Translate

terça-feira, 3 de maio de 2022

Deliciosamente Sábio

Deliciosamente Sábio


“Sabes Jason, tenho um talento. O talento de conseguir sempre estragar tudo quando as coisas estão a ir super bem e com muita simplicidade.” Declarou o Fabian. 

Olhei para ele, sorri e perguntei: “Então e como poderias dar a este talento um propósito produtivo?”


“O que é que queres dizer com: um propósito produtivo?”


“É que se se trata de um talento, tem com certeza um propósito produtivo. Todos os talentos têm ambas as facetas: a produtiva e a destrutiva. E cada uma destas facetas é útil, de uma forma ou de outra.”


Fabian ficou a olhar para mim de olhos esbugalhados e depois respirou fundo e começou a ponderar sobre a minha questão. 


Estávamos sentados num banco de jardim, envoltos nas nuances da primavera, com a fragrância do jasmim e das rosas a brincar com o nosso palato e sabia tão bem estar apenas ali sem qualquer objetivo específico. Ali a observar os patos no lago e a ouvir os pássaros a chilrear o seu alegre soneto de boas vindas ao abraço caloroso do céu. Estávamos no nosso próprio mundo.
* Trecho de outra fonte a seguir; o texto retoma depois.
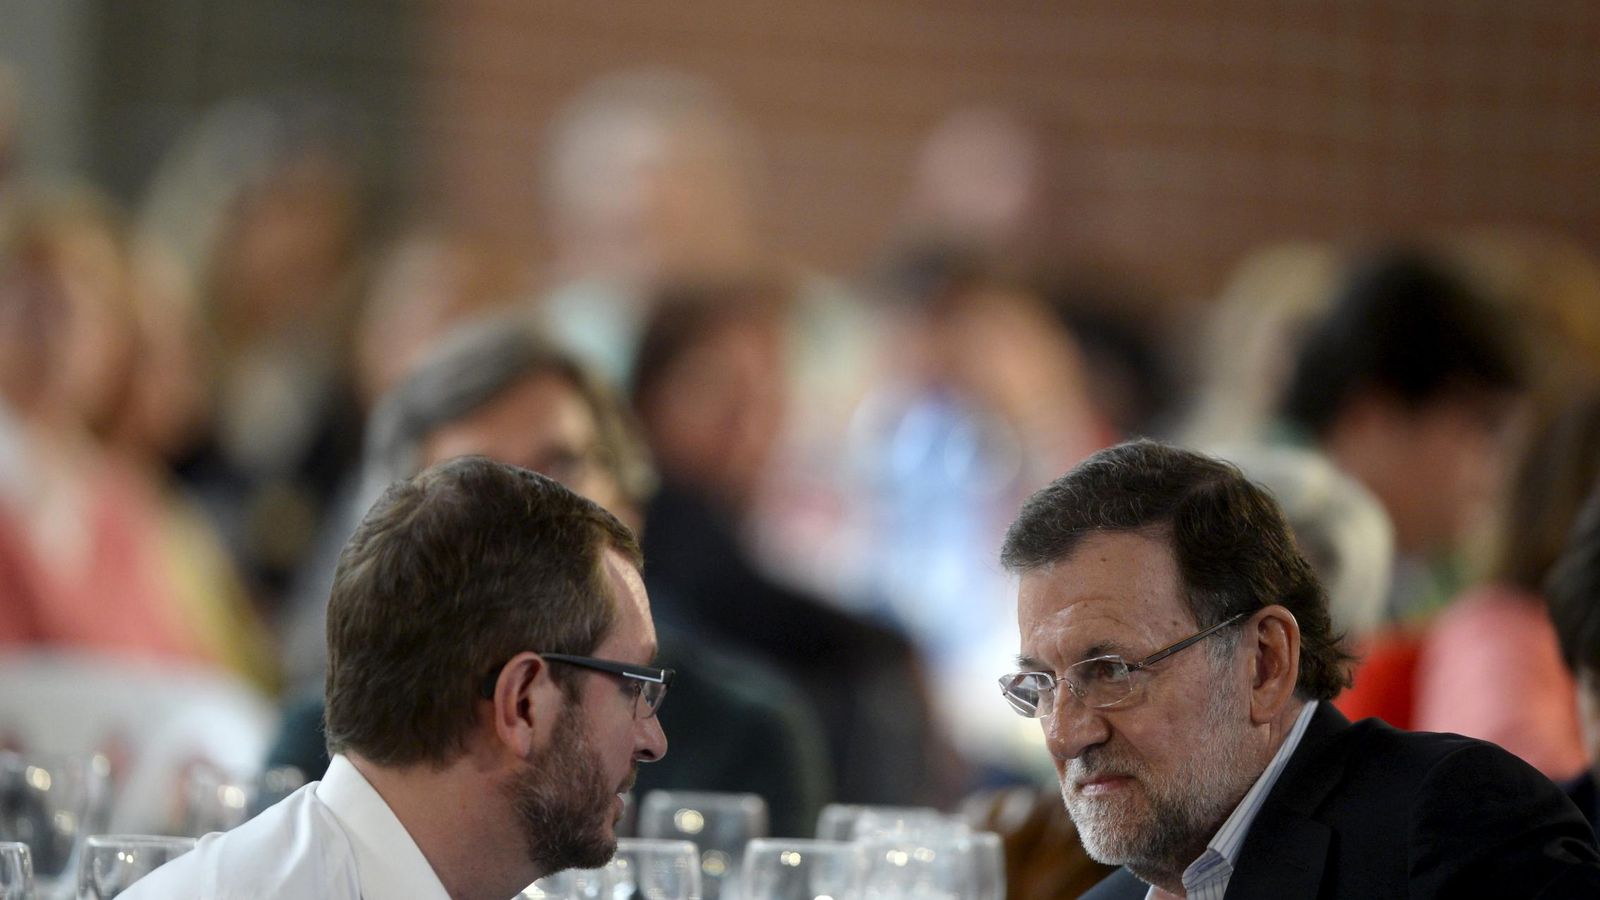 Foto: Mariano Rajoy dialoga en la intimidad junto al vicesecretario sectorial para asuntos sociales, Javier Maroto, durante un acto en Vitoria. REUTERS/Vincent West

Tínhamos a sensação de estarmos dentro de uma cápsula de quietude que mantinha lá fora a agitação da cidade que se estendia ao redor do nosso espaço privado e os transeuntes também faziam parte deste nosso belo cenário, tal como as folhas trespassadas pelos raios do sol que afagava a nossa pele com aconchego cintilante…


Gostávamos de encontrar-nos aqui e tomar o nosso tempo para fazer o que parecia ser nada, enquanto estimulávamos a nossa imaginação, a nossa consciência e a nossa clareza com fosse o que fosse que visitasse as nossas conversas que nos sabiam ao melhor chocolate quente do mundo, no melhor café jamais criado.  


Não dependíamos destas conversas, mas desfrutávamos delas e cada um de nós era como uma varinha mágica a acordar lagos de sabedoria ainda por descobrir. Lagos esses que se transformavam em águas vivas, catapultadas inevitavelmente na cascata do “aha” para poderem depois descansar na lagoa lá em baixo, onde a serenidade era habitante permanente. 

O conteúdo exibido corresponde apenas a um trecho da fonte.